Bulimia Academica: A Model for Medical School?

The current structure medical education at University Medical School (and, in the United States as a whole) promotes an educational disorder called Bulimia Academica.

Bulimia Academica is defined as:

A. Recurrent episodes of binge learning. An episode of binge learning is characterized by both of the following:

(1)Learning, in a discrete period of time (e.g., within any 2-hour period), an amount of knowledge that is definitely larger than most people would learn during a similar period of time and under similar circumstances.

(2) A sense of lack of control over learning during the episode (e.g., a feeling that one must not stop learning or control what or how much one is learning ).
B. Recurrent inappropriate compensatory behavior in order to prolong studying, such as self-induced insomnia, misuse of Red Bull , 5-Hour Energy, Ritalin, or other medications; fasting, or excessive exercise.

C. The binge learning and inappropriate compensatory behaviors occur, on average, at least five days a week for three years.

D. Self-evaluation is unduly influenced by test scores.

E. The disturbance does not occur exclusively during episodes of Anorexia Academica (a.k.a. Summertime).

Type: Purging Type vs. Non-purging Type (vacationing & drinking ethyl alcohol to compensate).

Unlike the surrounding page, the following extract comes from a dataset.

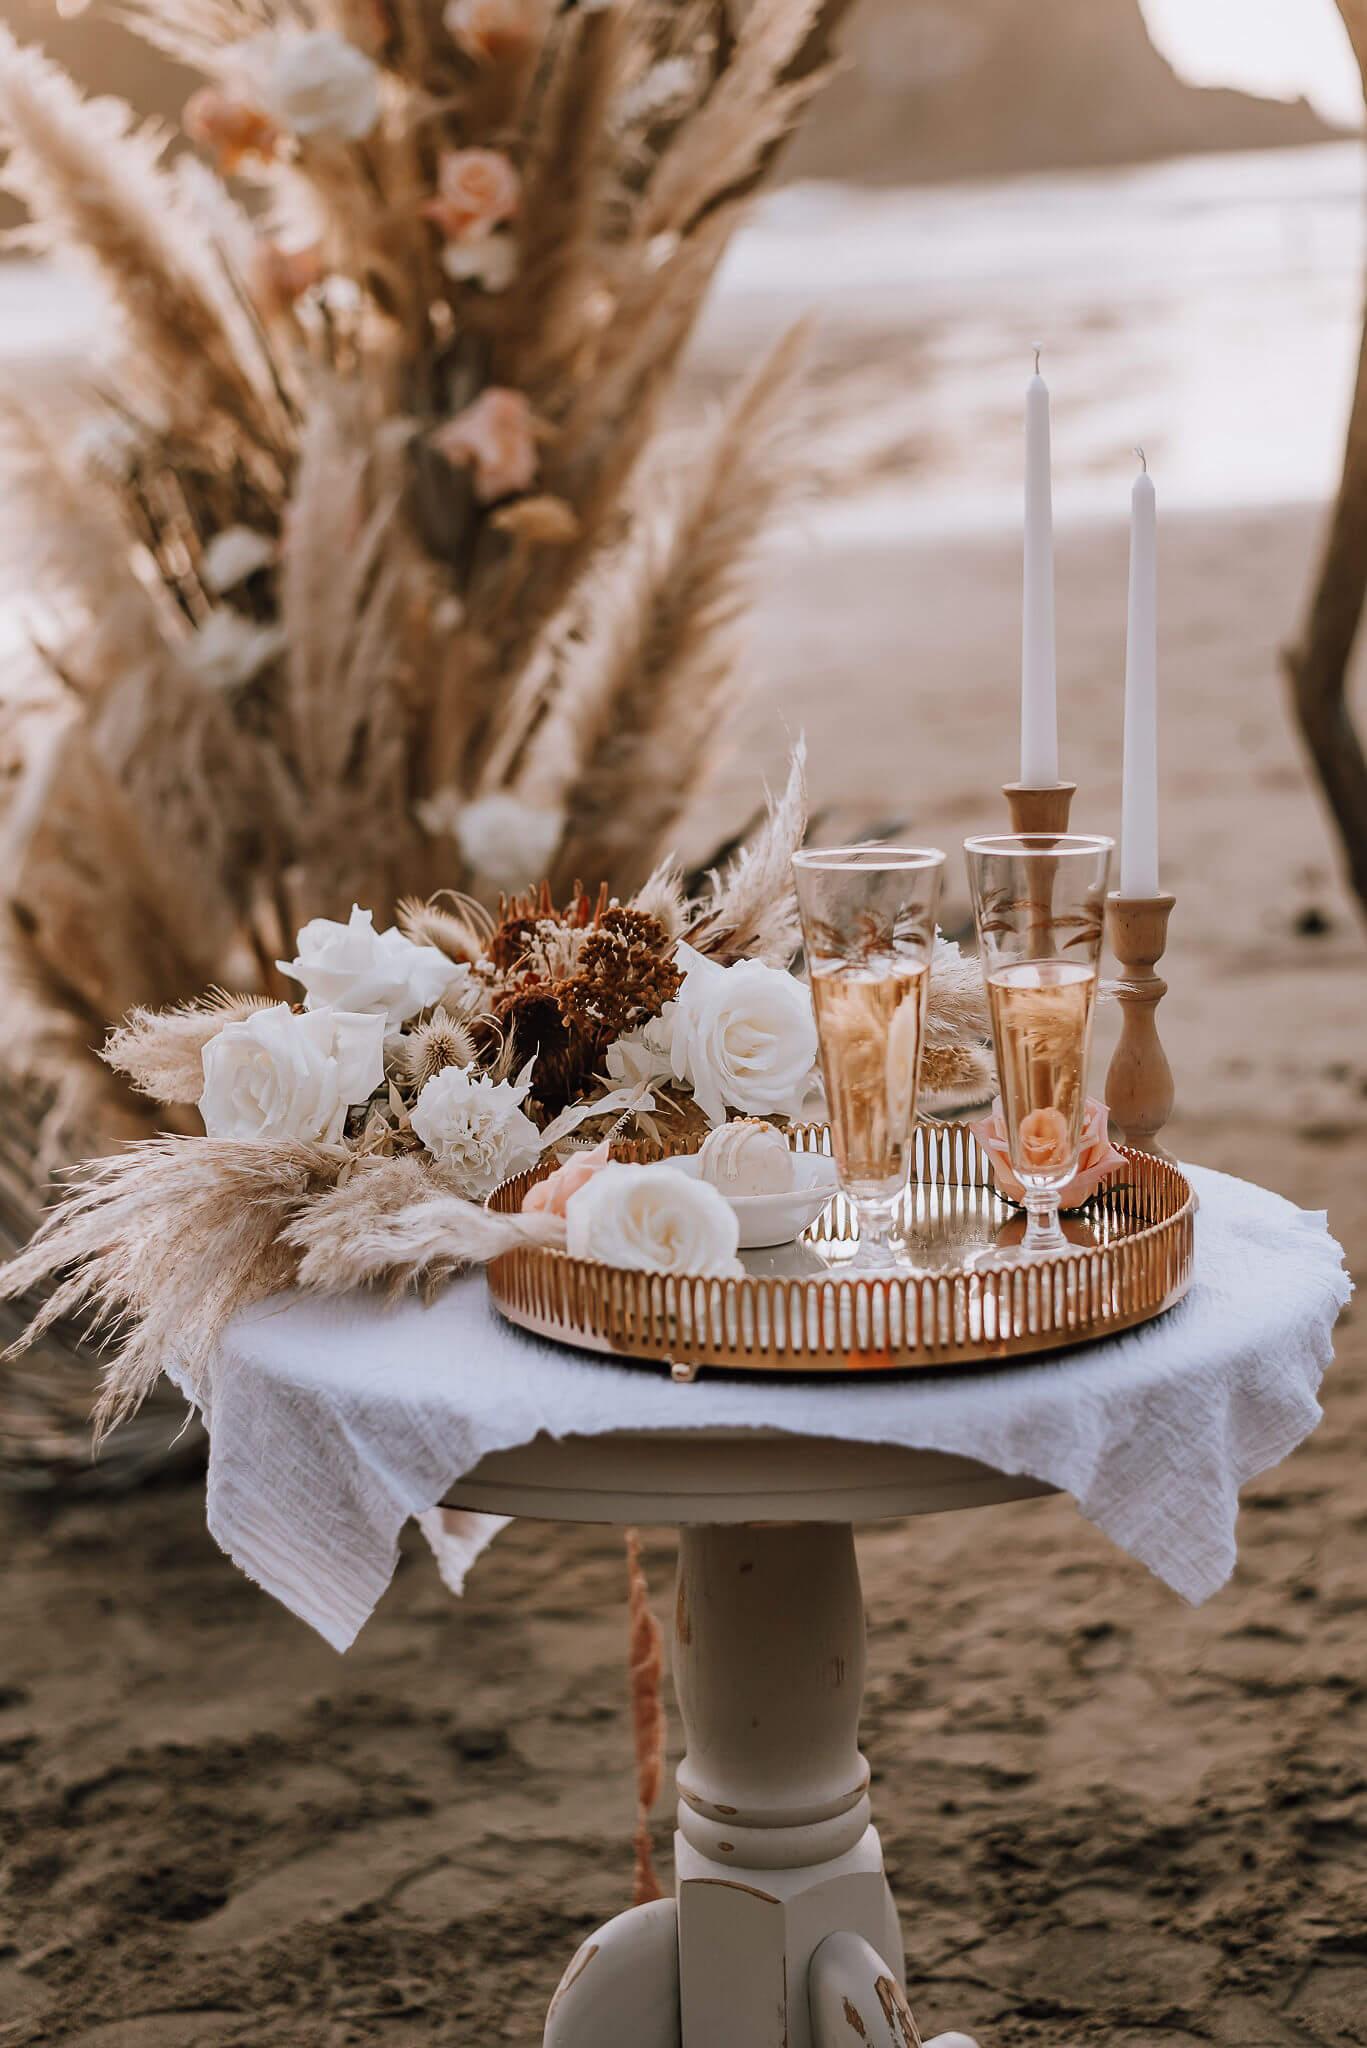 Decorative drink setup

Medical school is the story of forgetting, not remembering. We have classes, then take tests, then have other classes, then take other tests, and then after 18-24-36 months (depending on how “progressive” your medical school is), you take a series of national board exams (Step 1 – Step 2 CK – Step 2 CS). But, all in all, the goal of every medical student is to forget everything they have learned as soon as a class is over.

Why would this be our goal, you might ask? Simple: it’s who we are. The medical school admissions process selects people who are able to divine and ruthlessly adhere to assessment criteria. Oh, so I need a 3.6 to get in to med school*? Okay, I’ll make sure my GPA matches that. Oh, now you tell me that I need to take some science classes? Okay, I’ll take the ones that are most likely to give me the grade I need. Oh, so now I have to take a standardized test? No problem! I’ve been training for this one since before I could walk. Essays? Pssh, whatever. Application deadlines: now that’s actually a problem for me …

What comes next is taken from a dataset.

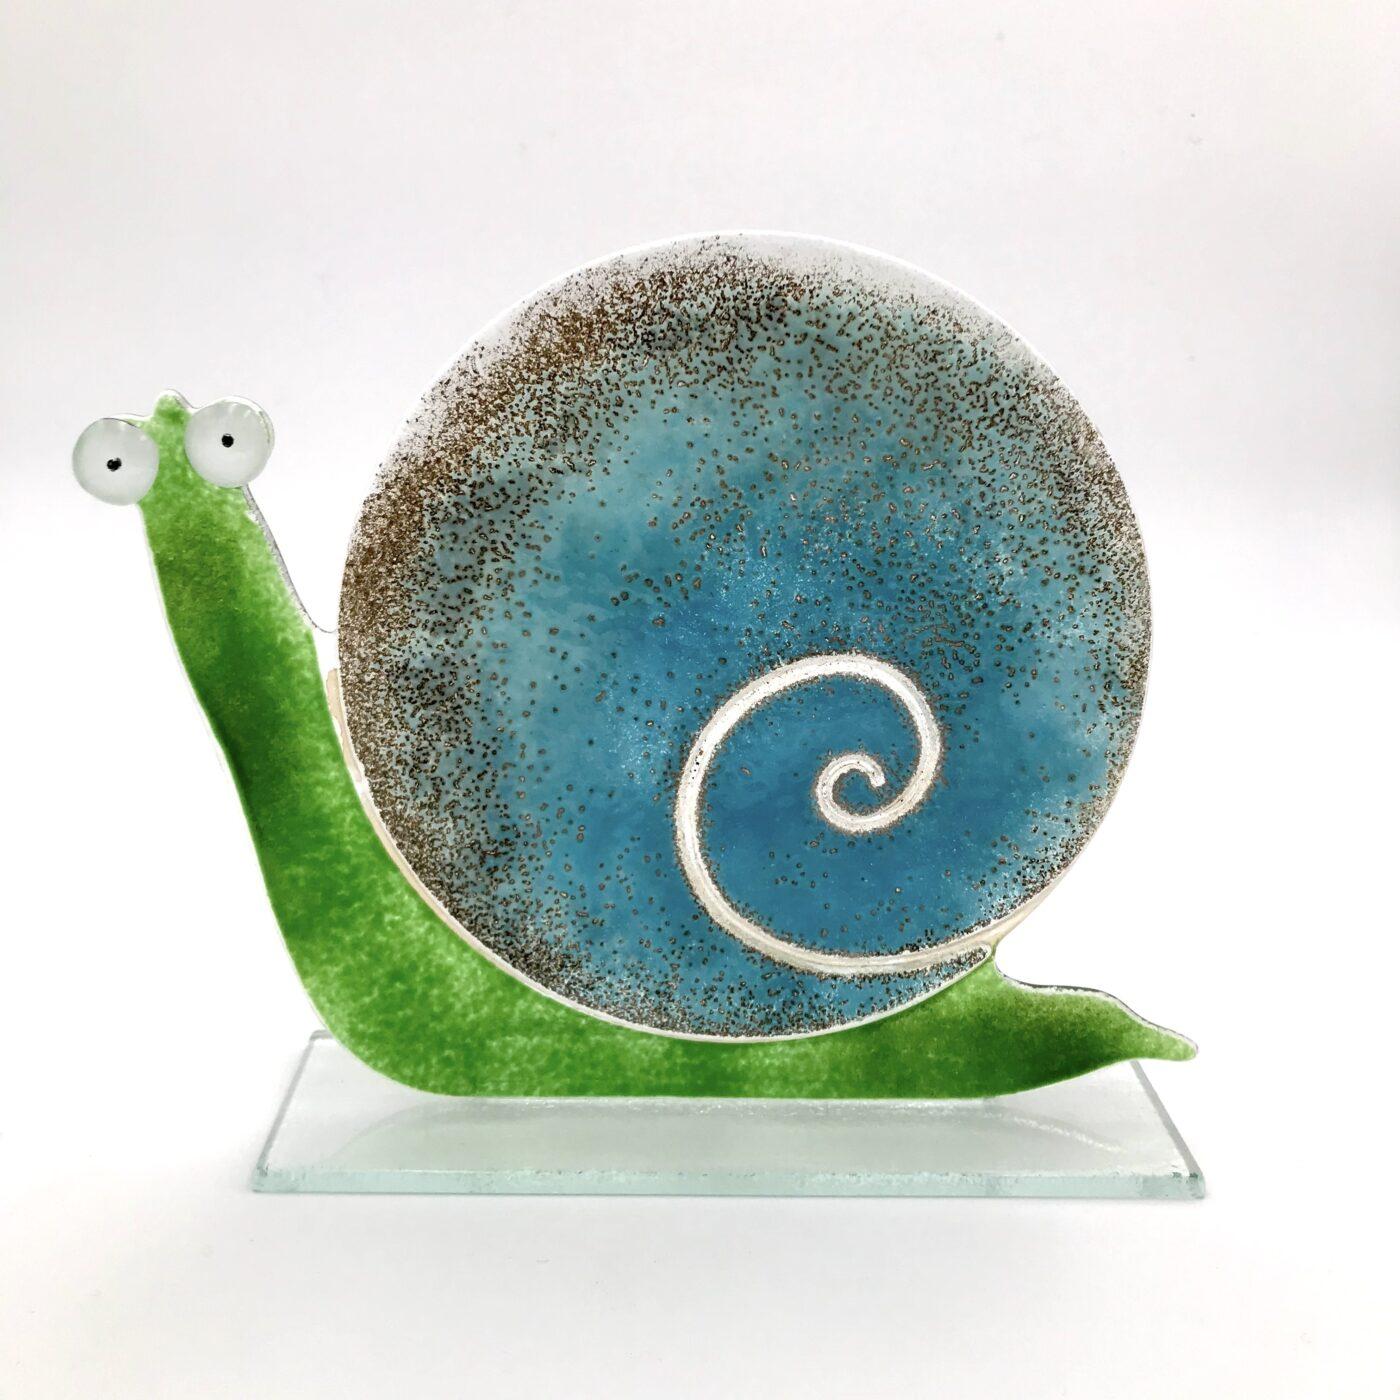 large glass snail ocean blue colour

(* = I didn’t have a 3.6 GPA. But I also had an MCAT score that was 2SD above the mean for University Medical School)

After setting up all of these hurdles, only a certain type of person jumps over all of them and makes it to medical school: someone who is very good at jumping over hurdles. Doesn’t matter what the hurdles are – we can figure out what you want us to do, and (because what you want us to do is almost always not what we want to do) the least amount of effort required to go from Fail to Pass (or High Pass or Honors, at some schools). Oh and don’t even start with the “essays” or “interviews” – those are just different kinds of hurdles and we approach them in the same ways we approach everything else.

So since medical students are selected for their ability to rigidly follow the incentive structure that medical schools have created, is anyone surprised that we don’t review Microbiology during our Cardiovascular system (except for those bugs and drugs that are related directly and narrowly to cardiology exams)? Is anyone surprised that I’ve forgotten the anatomy of the brachial plexus (last tested on it in December of ’09)?

Now, as a medical school, maybe you want students to forget the brachial plexus. Maybe you want us to learn in silos, to binge and purge. Maybe you actually buy into the propaganda that we can “study on our own.” Right – on my own time, I’m going to do something I don’t like that won’t tangibly benefit me. Now, maybe there are people who do this kind of thing, but they would never make it through the medical school admissions process (and, if they did, they wouldn’t like what they found on the other side).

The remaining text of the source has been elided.